I think it was drivers, not passengers. I know we have to give a reason why we give pax under 5 stars.


----------



## MadTownUberD (Mar 11, 2017)

I got a one-star within the last couple of days. I'm thinking it was the guy who made me stop and wait 10 minutes for him and swore up and down he would leave me a big tip... Whatever that means. he was probably Savvy enough to realize that if he won started me we would not be matched again and therefore he would not have to explain his lack of tip giving.


----------



## wk1102 (Dec 25, 2015)

surlyuber619 said:


> I remember getting the email that said riders would have to give a reason for anything less than a 5 star rating..


The email said they could leave a reason and that certain reasons would nullify the poor rating.


----------



## jerseyroots (Feb 9, 2017)

Does the one star drop off after 100 rides or 500 if you don’t receive another ?


----------



## UberDriverCT (Jul 7, 2016)

espizarro83 said:


> The 1* that I received yesterday has me really discouraged. Not only because of it hurt my great rating so far but also because I cannot grasp any idea as per why. Surely I could make some mistakes but I always stop at stop signs or red lights and am friendly and polite, my English has accent but I can speak it, I mean I can't recall anything that would deserve a "horrible" category rating. It could be anything from accidental 1 starring to just taking on me for something that happened to the person during the day...
> 
> My biggest fear is on how many people act this way. Another 1* will drop my rating to less than 4.6. The tendency so far is to receive 5*'s in the majority of rides, and I have 21 rated trips only, 18 of them 5*'s and 2 of them 4*'s.
> 
> Uber should really demand the rider a good reason for giving 1 star. Like, either choose what happened or remove the 1* and leave the trip unrated. I have no feedback in my profile as per why the apparently terrible experience for the rider. How many rides should be rated before Uber puts people on probation prior to deactivating?


Don't worry about it.

I've given over 1,200 trips and have a 4.78 rating. I've given a lot of rides in the inner city and I pretty much assume many (certainly not all) of the people in these neighborhoods come in with an attitude and/or are looking to get a free ride. When I drive in well educated, affluent and civilized areas, I get tips and compliments at a very high rate. My breaking and acceleration stats are almost always perfect or within one or two instances of perfect. My car is always clean, I am respectful of passengers...I never flirt, leer, talk politics beyond a superficial and neutral manner and am careful to talk to them only insomuch as they talk to me.
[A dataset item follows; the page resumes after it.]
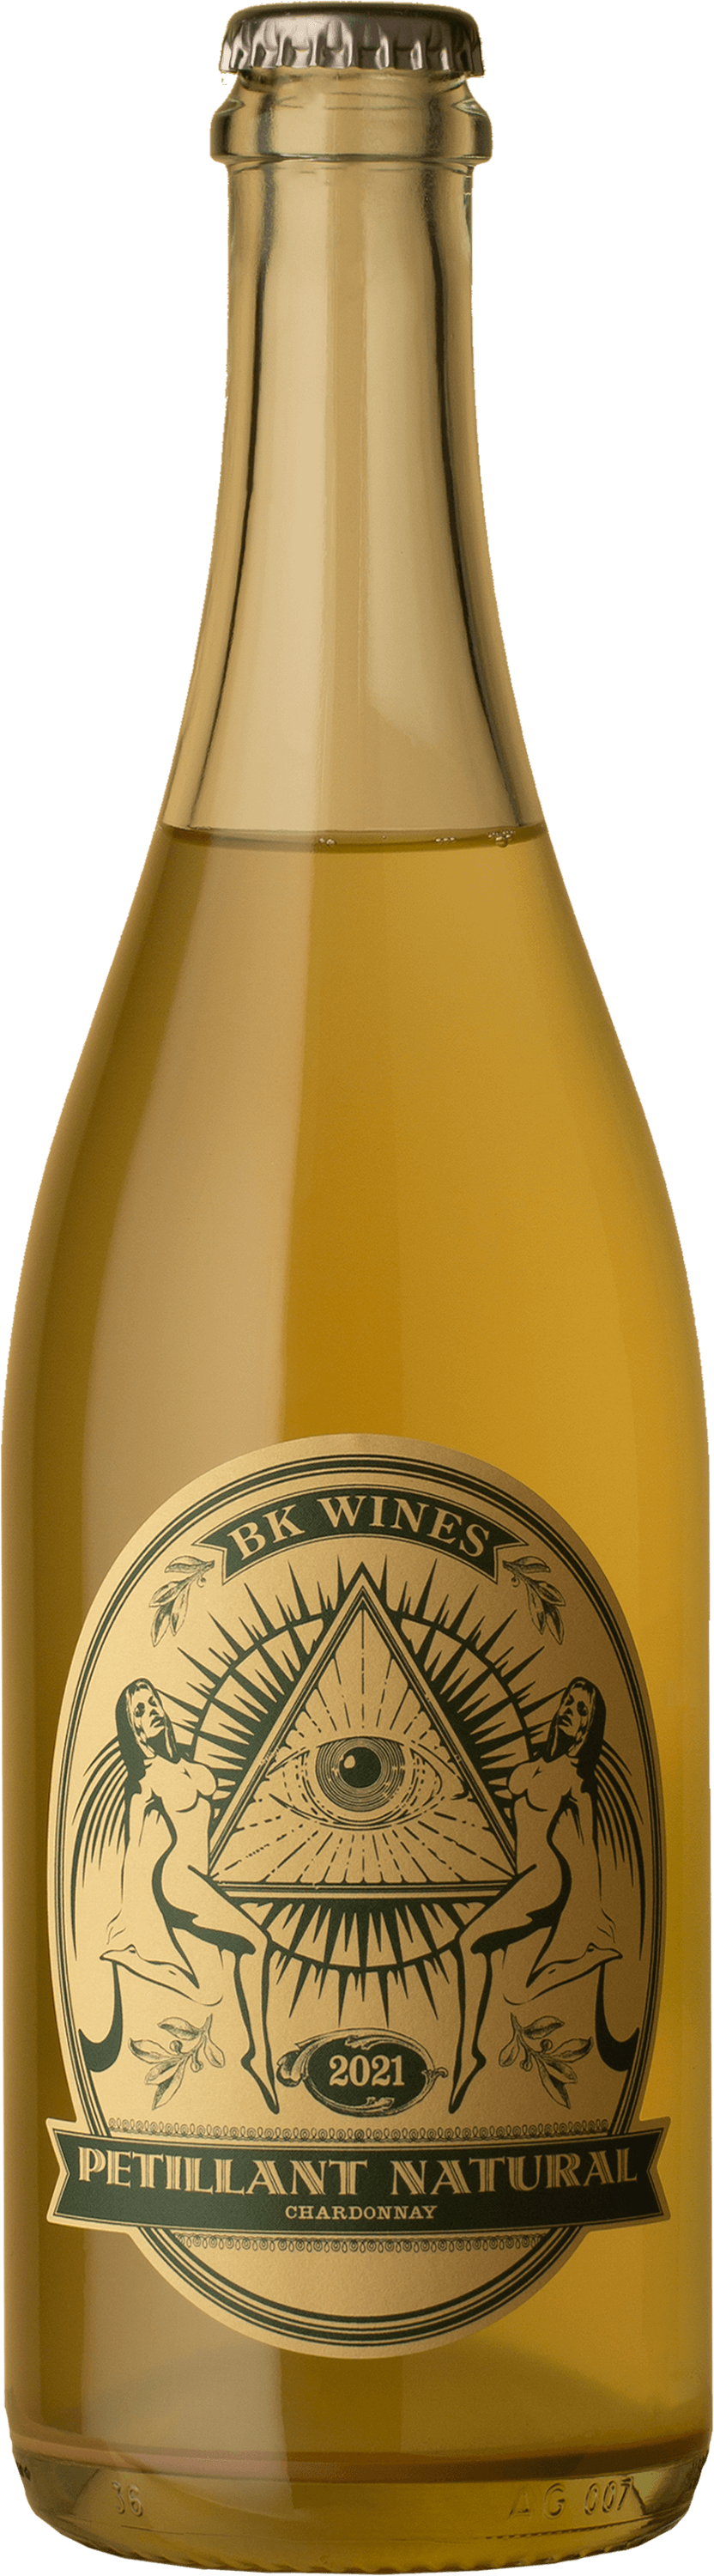 BK - Chardonnay Pétillant Naturel 2021 Sparkling Wine

Today I pick up a woman in a tough neighborhood. As I always am, I was polite and greeted her warmly but professionally. We drive down the road and I'm following the GPS and pull up in a lane that can only turn left and stop at the red light. She looks up from her phone and snaps, "You can just go straight. Don't go left."

I said, "oh, okay" and manuever myself into the far right lane...begging two other drivers to let me through. All this for a ride that either route would be over in about two minutes...

Anyway, she gets out of the car and I say, "thank you, have a great day!" She mumbles something but the whole time she seemed annoyed that I was going to go left...totally unreasonable reaction.

sure enough later I get a ding and my rating goes from 4.79 to 4.78 and I get a complaint about navigation.

But...who cares. I know I did the right thing, I got paid and this is an angry and childish woman.


----------



## Jason Wilson (Oct 20, 2017)

Some just don't appreciate what we do, our own gas, our own cars, and we save them 50% of what a cab would charge.


----------



## UberDriverCT (Jul 7, 2016)

My ranking went from a 4.78 to a 4.80 in one day this week....I have over 1,000 rides so it wasn't just a few more five star ratings that did this. I think Uber has followed through on their plans to drop low ratings from habitually low raters.

None of it really matters if you're a halfway decent driver, let's face it. I'd bet too a lot has to do with time of day and market you're driving in. This is an over generalization for sure, but when I pick up airport rides, for example, they are virtually always polite, respectful, tend to tip and five ratings occur...often times with comments.

When I make short little runs in the middle of Hartford, there is often times more attitude, low rankings and overall tension. 

I should stress too...this is not a racial thing, just a demographic one. I've had some of my most pleasant and fun conversations with women of color on long drives (I like how three of my compliments have a black 'thumbs up' in the comments!), and some of my most unpleasant rides with white riders in the city who are obvious drug addicts and miserable.


----------